Poland’s Supreme Court said on Thursday (2 August) said it was suspending the forced early retirement of judges over the age of 65. It added that judges who want to should stay in place until the EU’s top court decides whether measures that will effectively allow the government to choose the court’s staff breach EU law.
Court spokesman Justice Michał Laskowski said Polish President Andrzej Duda and the National Judiciary Council (KRS), which decides judicial appointments, should hold off from making any decisions about the court’s members pending the ECJ’s verdict.
“The decision is being sent to the (presidential) Chancellery and the KRS and they both should stop actions … until the ruling is made,” he told a news conference.
The justice ministry is expected to comment on the Supreme Court’s statement later in the day.
“The Supreme Court has doubts and is presenting its doubts to an outside independent organ that was set up according to EU treaties to resolve such doubts,” Laskowski told reporters.
The president’s office immediately responded that the suspension had “no legal basis and has no effect on the president or any other organ”.
The retirement law introduced by the ruling Law and Justice (PiS) party as part of a raft of controversial judicial reforms is at the centre of a dispute between the government and the European Union.
PiS insists the judicial changes tackle corruption and overhaul a judicial system still haunted by Poland’s communist era. But the opposition, democracy watchdogs and the EU have warned they undermine judicial independence, the rule of law and democracy.
The ECJ is assessing judicial reforms undertaken by the ruling Law and Justice (PiS) party since it came to power in Poland in 2015.
Earlier this month, 22 Supreme Court judges – nearly one-third of the total – were forced into early retirement, but some have refused to go. They include the court’s chief judge Malgorzata Gersdorf, who says her constitutional term does not expire until 2020. The law allows the affected judges to ask the president to be able to continue to perform their duties, a decision taken by 16 judges.

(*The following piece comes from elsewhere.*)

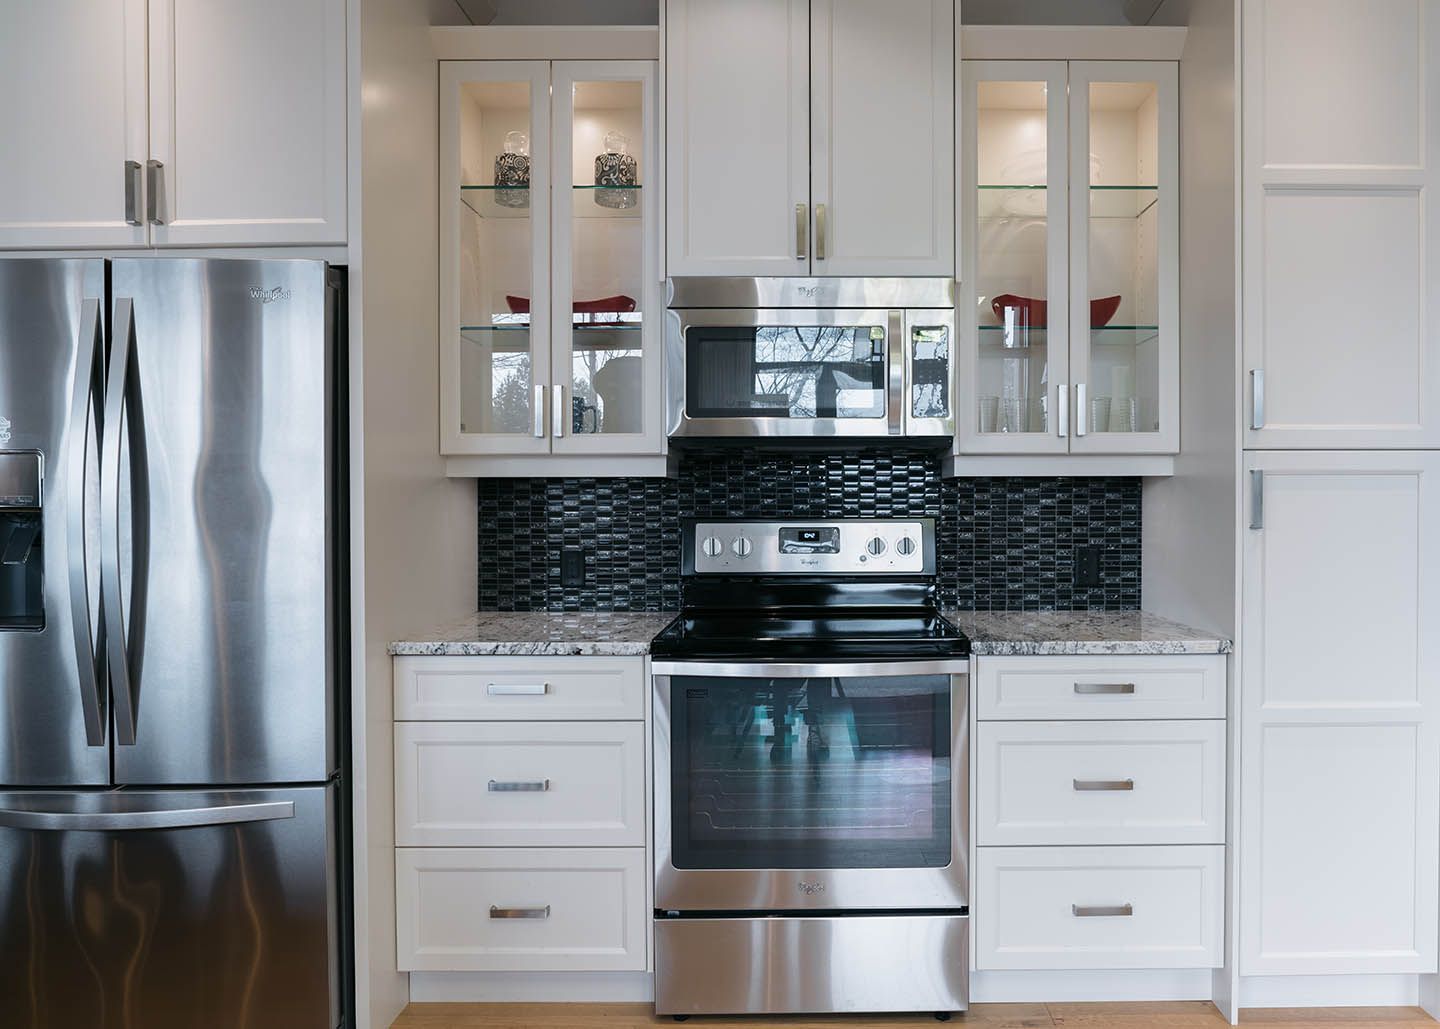 Stainless steel appliances and white cabinets in a kitchen

A measure signed into law by president Duda a week ago, as street protests were held across Poland, effectively lets the government choose the next head of the Supreme Court.
The law allows the president, a PiS ally, to grant an extension to judges’ terms, while the KRS, whose members include politicians, can give an opinion on who is allowed to hold a judicial position.
The EU, human rights groups and opposition parties in Poland say these measures and other changes pushed by PiS undermine judicial independence and democracy.
PiS, which combines left-leaning economics with nationalist and eurosceptic politics, says an overhaul is needed to make the courts more efficient and eradicate the influence of Poland’s communist past.
The European Commission is running an unprecedented “rule-of-law investigation” that could lead to the suspension of Poland’s voting rights in the 28-member bloc. It has also opened several separate legal cases against Poland, the largest former communist EU state, including some over the Supreme Court.
Brussels triggered Article 7 proceedings against Poland in December 2017 over the judicial changes, which could eventually see Warsaw’s EU voting rights suspended.
The EU also launched legal action against Poland over the Supreme Court retirement rules that could see the country receive financial sanctions. The retirement law came into effect last month and lowers the pension age of judges from 70 to 65.
State news agency PAP said on Thursday that Warsaw had sent its response in that case to the Commission, without giving details.